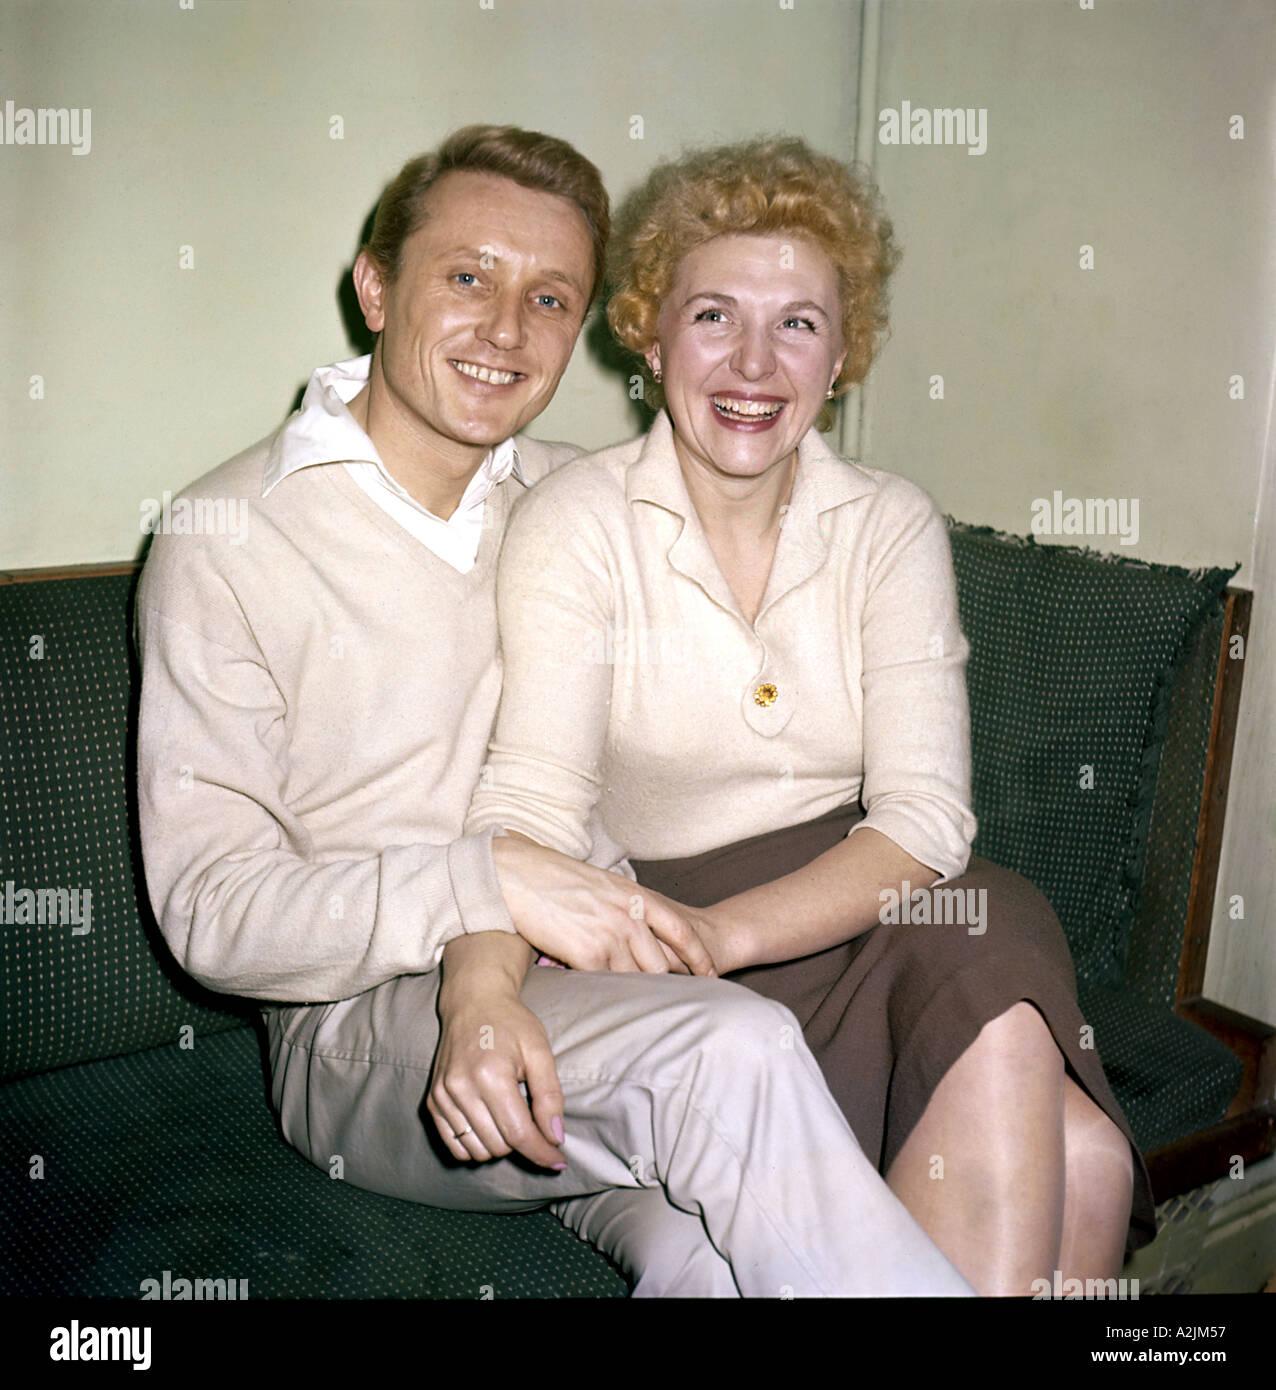 GARY MILLER Uk-Pop-Sängerin 1924 1968 hier mit seiner Frau Stockbild
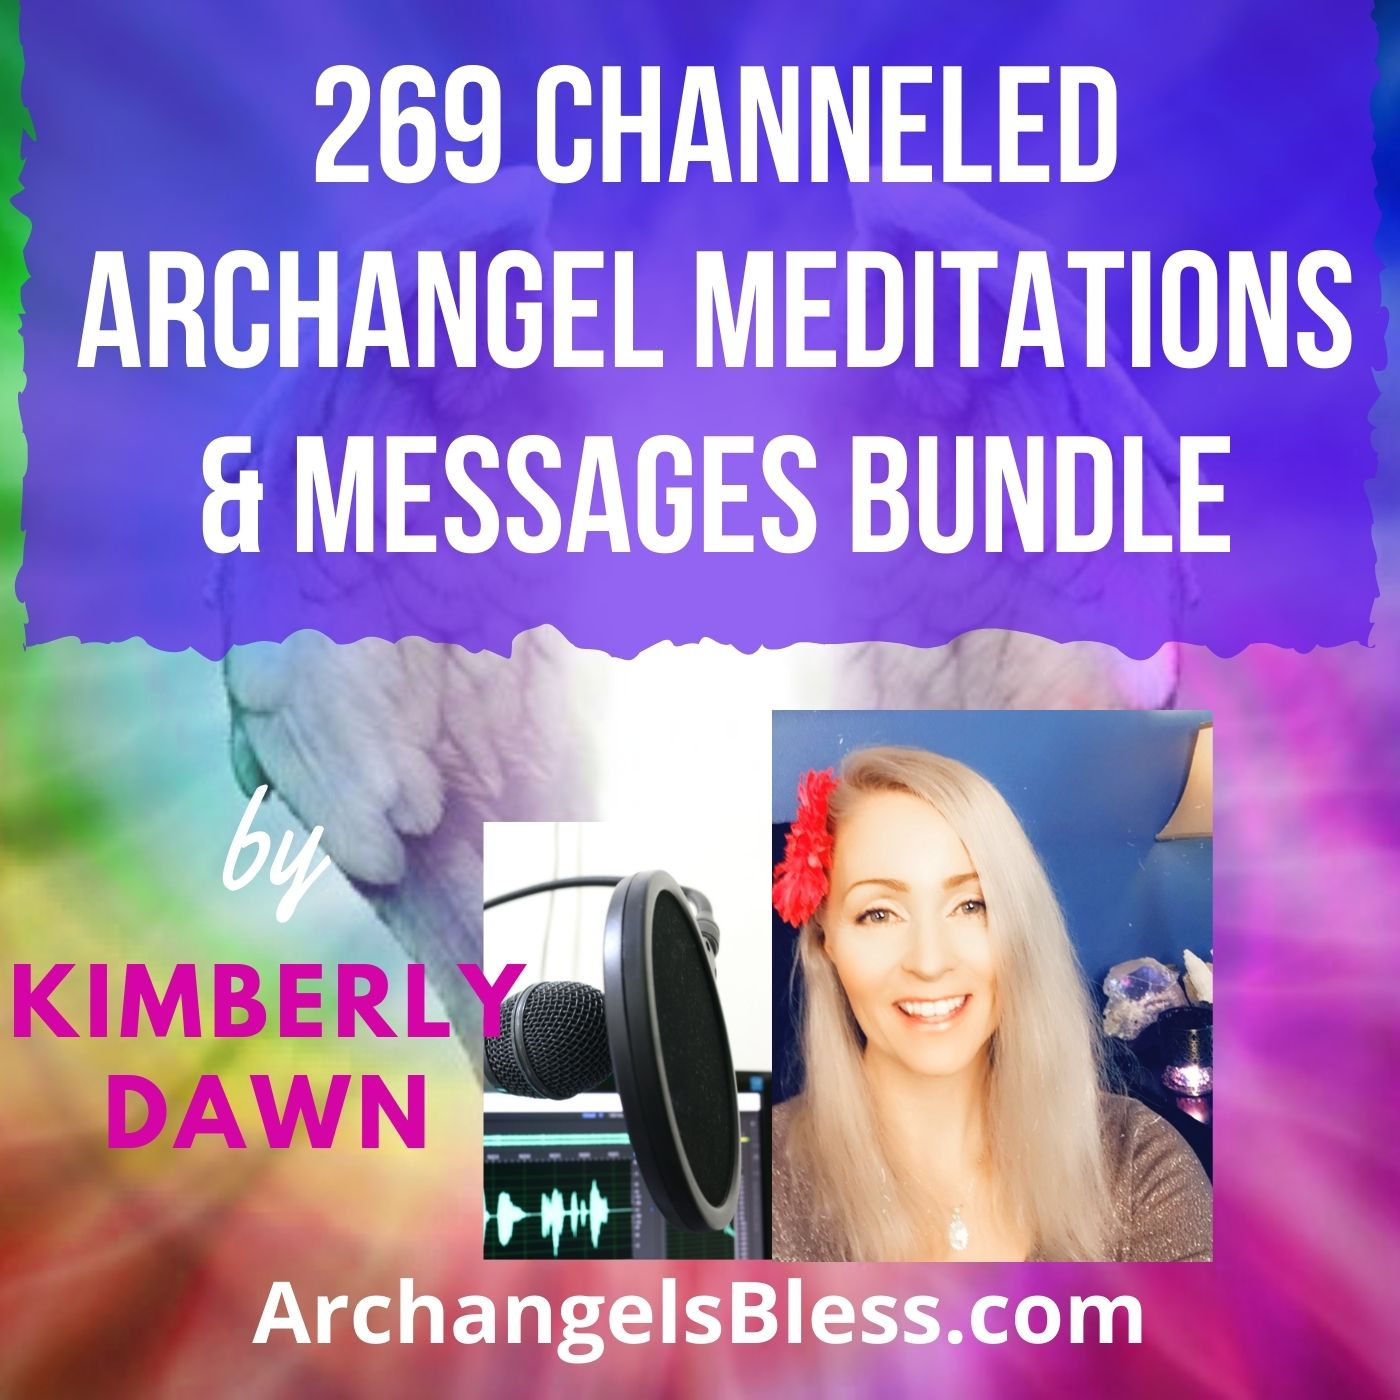 269 Channeled Archangel Meditations 10-20 Minutes Each [VIP AUDIO BUNDLE]
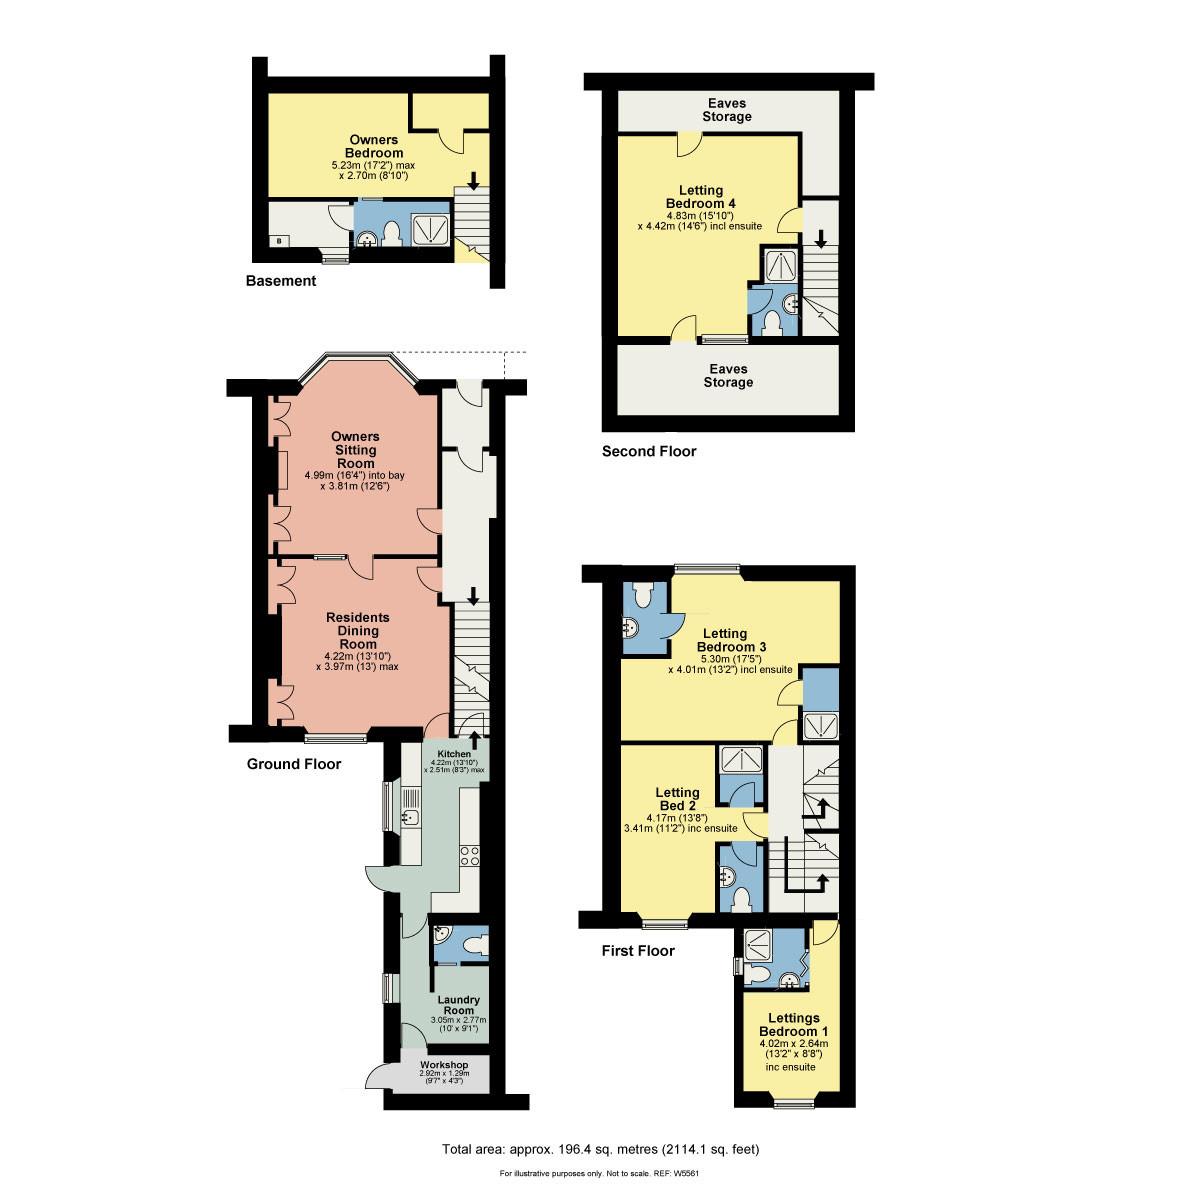 Floorplan Beech House, 11 Woodland Road, Windermere, Cumbria, LA23 2AE
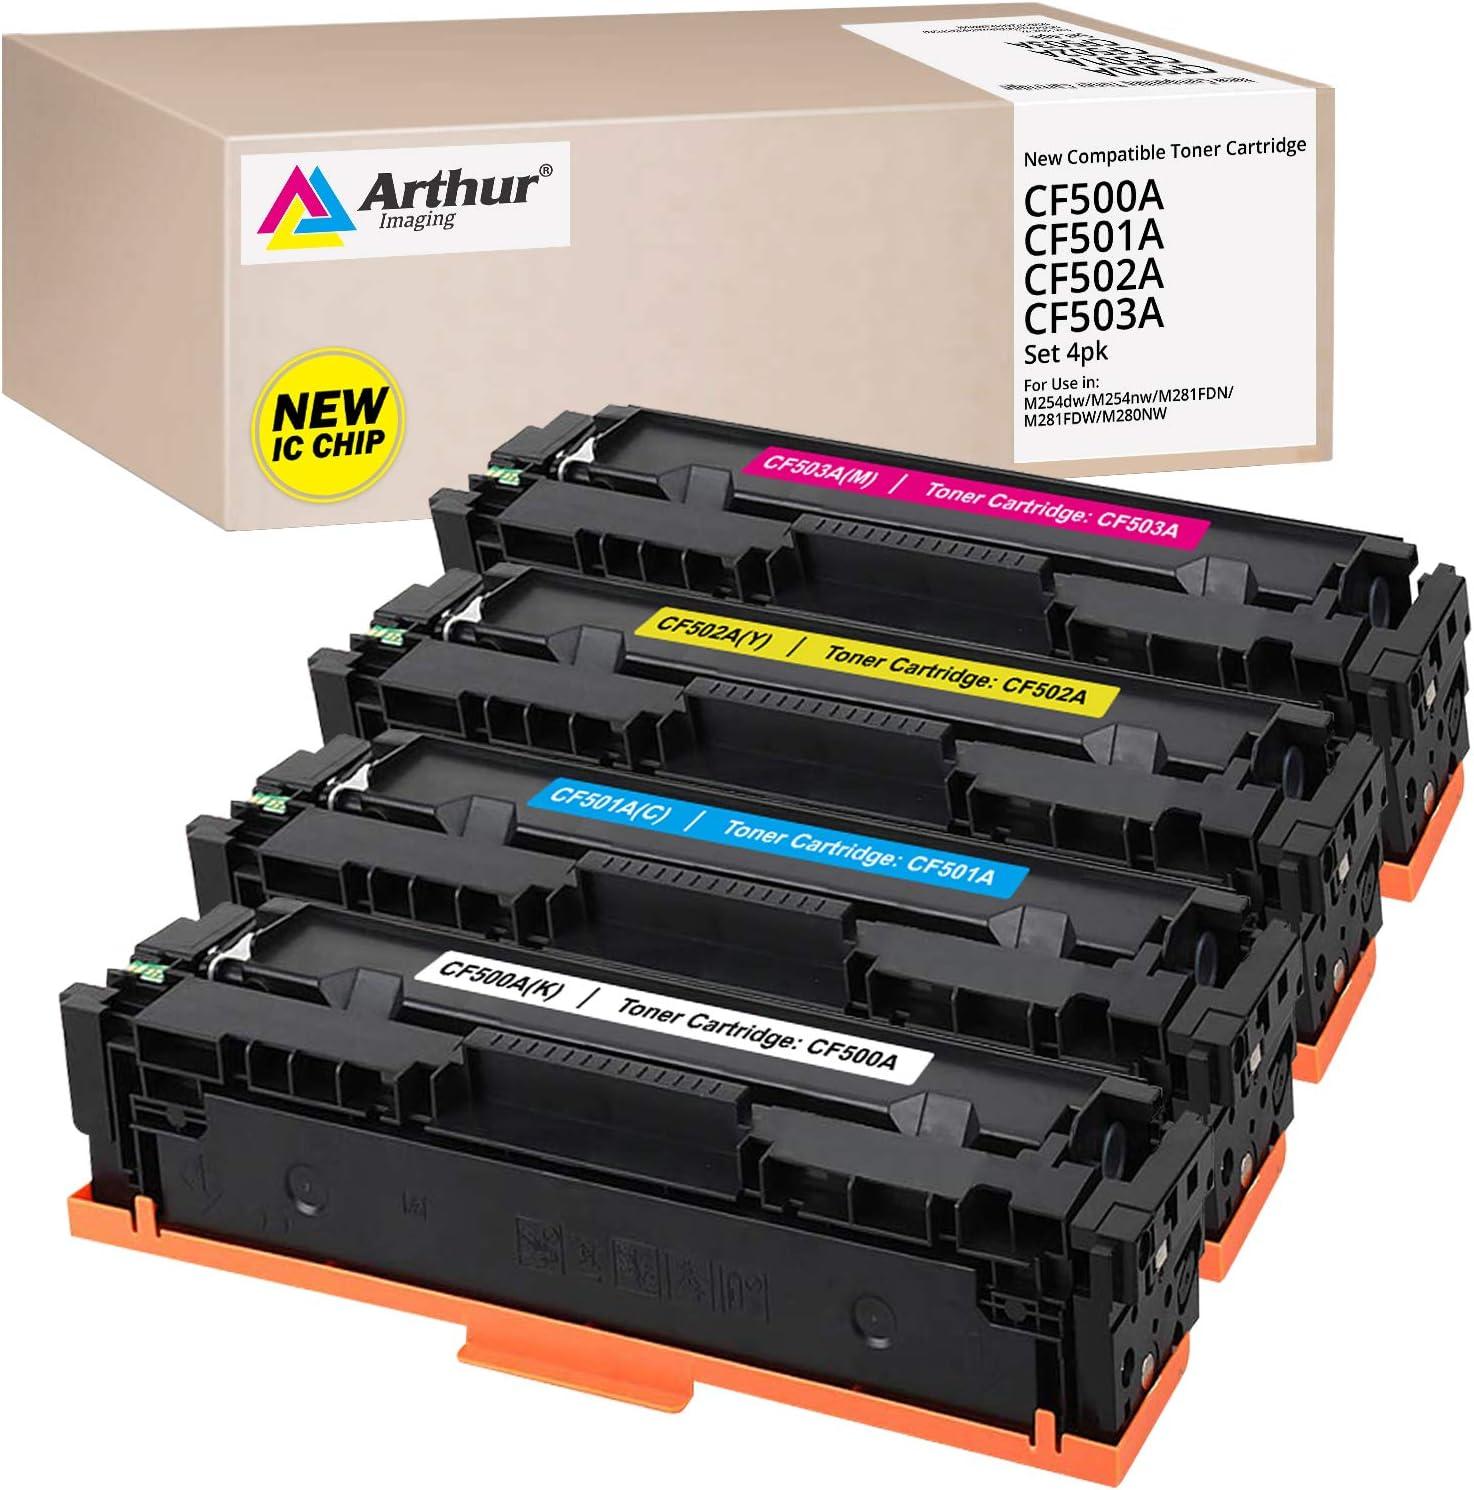 Arthur Imaging Compatible Toner Cartridge for HP 202X CF500A CF500X 202A HP M281fdw M254dw HP Color Laserjet Pro MFP M281fdw M281cdw M254dw M254dn M254nw M280 M281 CF500X CF501X CF502X CF503X Printer

- **Work instructions**
Everything in the listing above is to be given again exactly, apart from the pictures.

- **Expected output**
 GARY MILLER Uk-Pop-Sängerin 1924 1968 hier mit seiner Frau Stockbild
 269 Channeled Archangel Meditations 10-20 Minutes Each [VIP AUDIO BUNDLE]
 Floorplan Beech House, 11 Woodland Road, Windermere, Cumbria, LA23 2AE
 Arthur Imaging Compatible Toner Cartridge for HP 202X CF500A CF500X 202A HP M281fdw M254dw HP Color Laserjet Pro MFP M281fdw M281cdw M254dw M254dn M254nw M280 M281 CF500X CF501X CF502X CF503X Printer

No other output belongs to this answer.